There is provided a locking device for positively locking the closure modules, wherein the locking device includes at least one spring locking element comprising an engaging protrusion and a spring, and wherein the spring locking element is arranged in the closure module 1. Furthermore, a locking piece is provided, which is arranged in the closure module 2, wherein on closing the locking piece pushes the spring locking element to the side in a direction Z and then positively snaps into place with the engaging protrusion, and when shifting or when rotating closure module 1 and closure module 2 into the opening direction Y, depending on the constructive design, the locking piece and the spring locking element are rotated or shifted against each other from an engagement position, in which locking piece and spring locking element are in engagement, into a non-engagement position, in which locking piece and spring locking element are not in engagement, without the spring locking element being pushed to the side. The magnet-keeper construction is dimensioned such that on closing the locking device is automatically closed by the magnetic force of the magnet-keeper construction.

In accordance with the invention, the spring of the spring locking element is formed and arranged such that it has a dual function:

On closing, the spring deflects flexurally soft in the direction Z, but when applying a load on the closure against the closing direction X the spring is flexurally rigid.

It is known to the skilled person that the cross-sectional geometry and also the shape of a spring influences the flexural rigidity thereof. The invention utilizes this effect and employs a spring or a spring system comprising a plurality of springs, which is formed and arranged such that when closing the closure a load is applied on the spring in the direction in which the spring is flexurally soft, i.e. the spring is shaped and mounted such that on closing the spring can be bent with little force. However, when trying to open the closure opposite to the closing direction, the spring is loaded in a direction in which it is flexurally rigid. This ensures a high locking force of the closure, which mostly is so great that the closure only opens due to the mechanical destruction of the spring.

Corresponding spring geometries are known to the skilled person, and therefore only a few essential geometries will be explained in the embodiments in conjunction with the respective constructive mounting situation.

By utilizing this dual function of the spring, locking magnet closures according to the generic part of claim 1 can be built particularly small and stable.

According to claim 2, a locking magnet closure is claimed which is almost identical with the closure according to claim 1. Merely the opening of the closure is effected according to another principle likewise known from prior art, wherein on shifting or rotating closure module 1 and closure module 2 in opening direction Y the spring locking element is gradually pushed to the side by means of a wedge from an engagement position, in which the locking piece and the spring locking element are in engagement, into a non-engagement position, in which the locking piece and the spring locking element no longer are in engagement with each other.

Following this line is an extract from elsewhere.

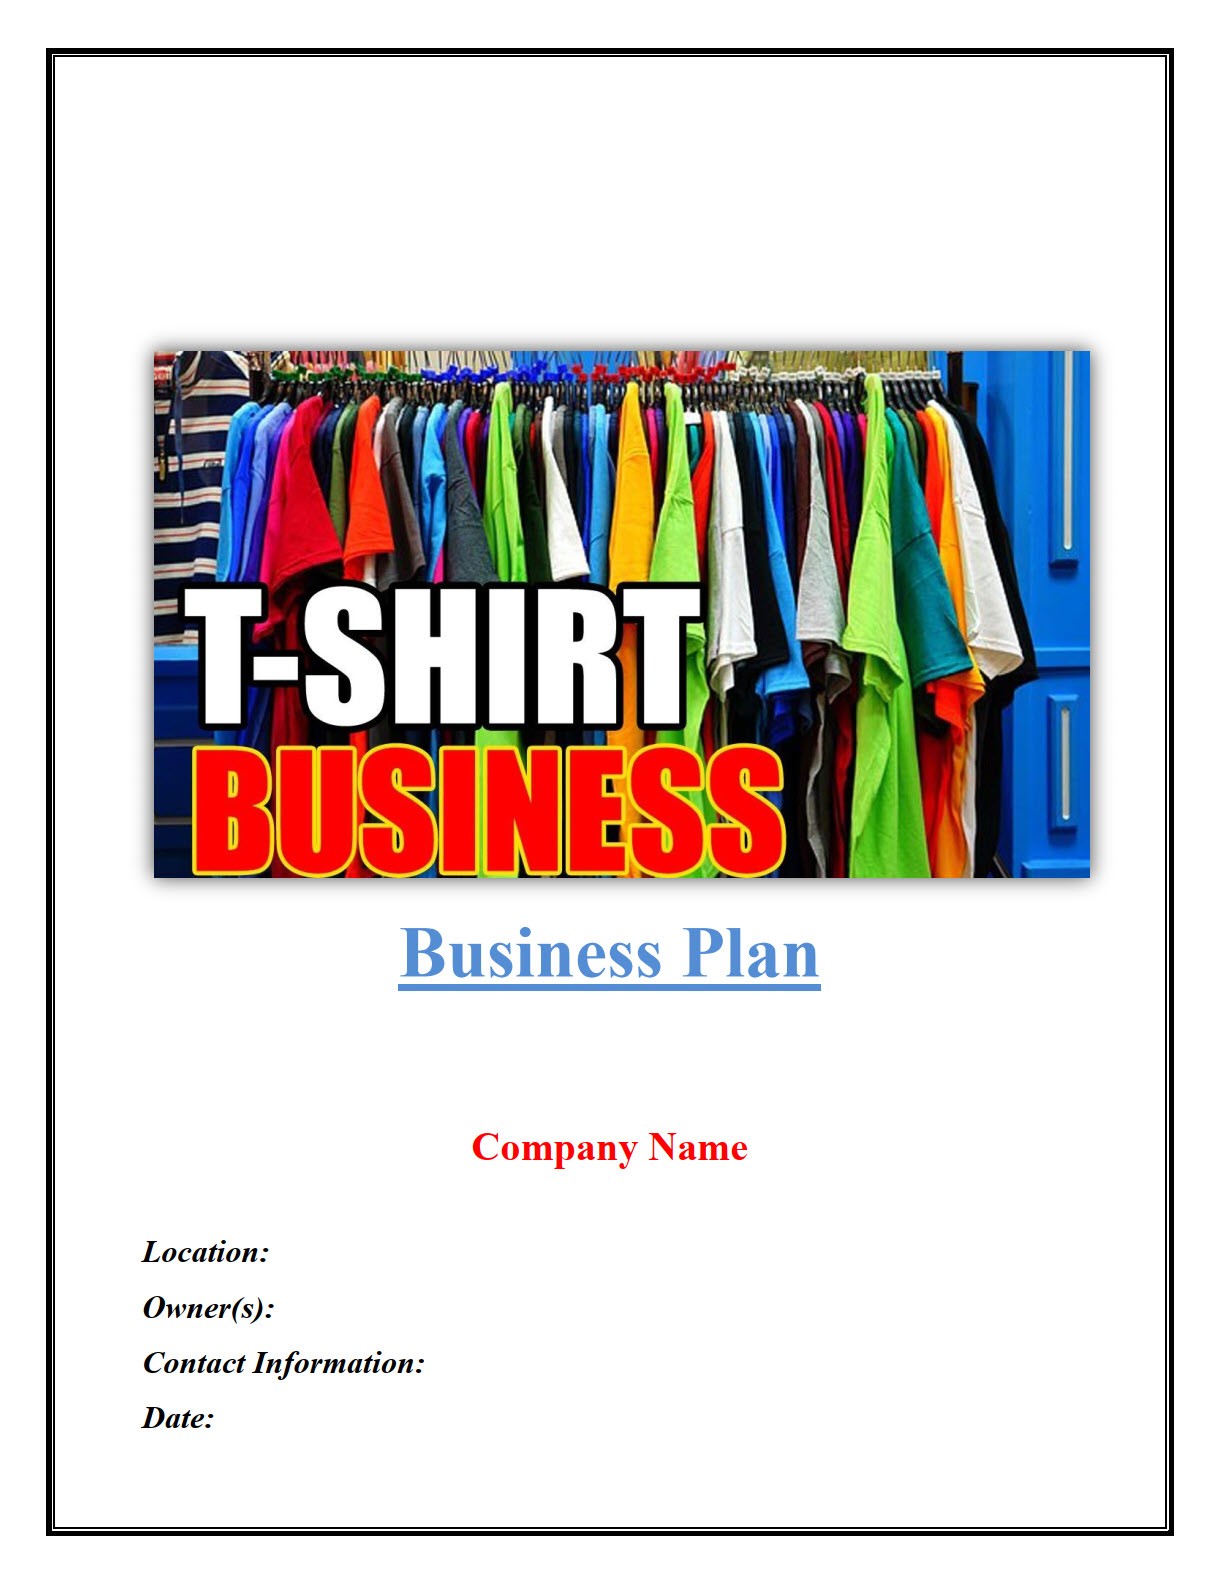 t shirt business plan in hindi

According to claim 3, the spring of the spring locking element is a resilient strip bent axially to the closing direction X.

According to claim 4, the spring of the spring locking element is a resilient strip repeatedly kinked parallel to the closing direction X.

According to claim 5, the spring is a strip meandrously bent to and fro axially to the direction X or kinked parallel to the direction X.

According to claim 6, the spring has one or more resilient joints or resilient joint-like thin portions.

According to claim 7, the spring is configured as a separate component and in the open position held centered in the closure module 2 by means of one or more inner stops.

According to claim 8, the spring likewise is configured as a separate component and in the open position held centered in the closure module 2 by means of one or more outer stops.

According to claim 9, the magnet-keeper construction includes an attenuatable magnetic system.

According to claim 10, the magnet-keeper construction includes a polable magnetic system.

According to claim 11, a repositioning device is provided, which urges the function elements shifted in direction Y on opening the locking magnet closure back into their starting position. The restoring force can be a mechanical spring force or a weight force. The weight force is produced by means of a mass piece, which on opening the closure is lifted by hand due to the rotary movement. For this purpose, an eccentric can be used for example. If the mass piece is released, it is drawn downwards by the gravitational force, wherein the repositioning device is reset, so that the engagement position is restored.

The invention will subsequently be explained in detail with reference to embodiments and schematic drawings.

FIGS. 1a-g show a general embodiment of the invention with opening through a release gap.

FIG. 1a shows all parts of the invention in an exploded representation.

A first connection module consists of: a rotary part 7, a magnet 22 and locking pieces 7a, 7c which are formed as a circumferential edge.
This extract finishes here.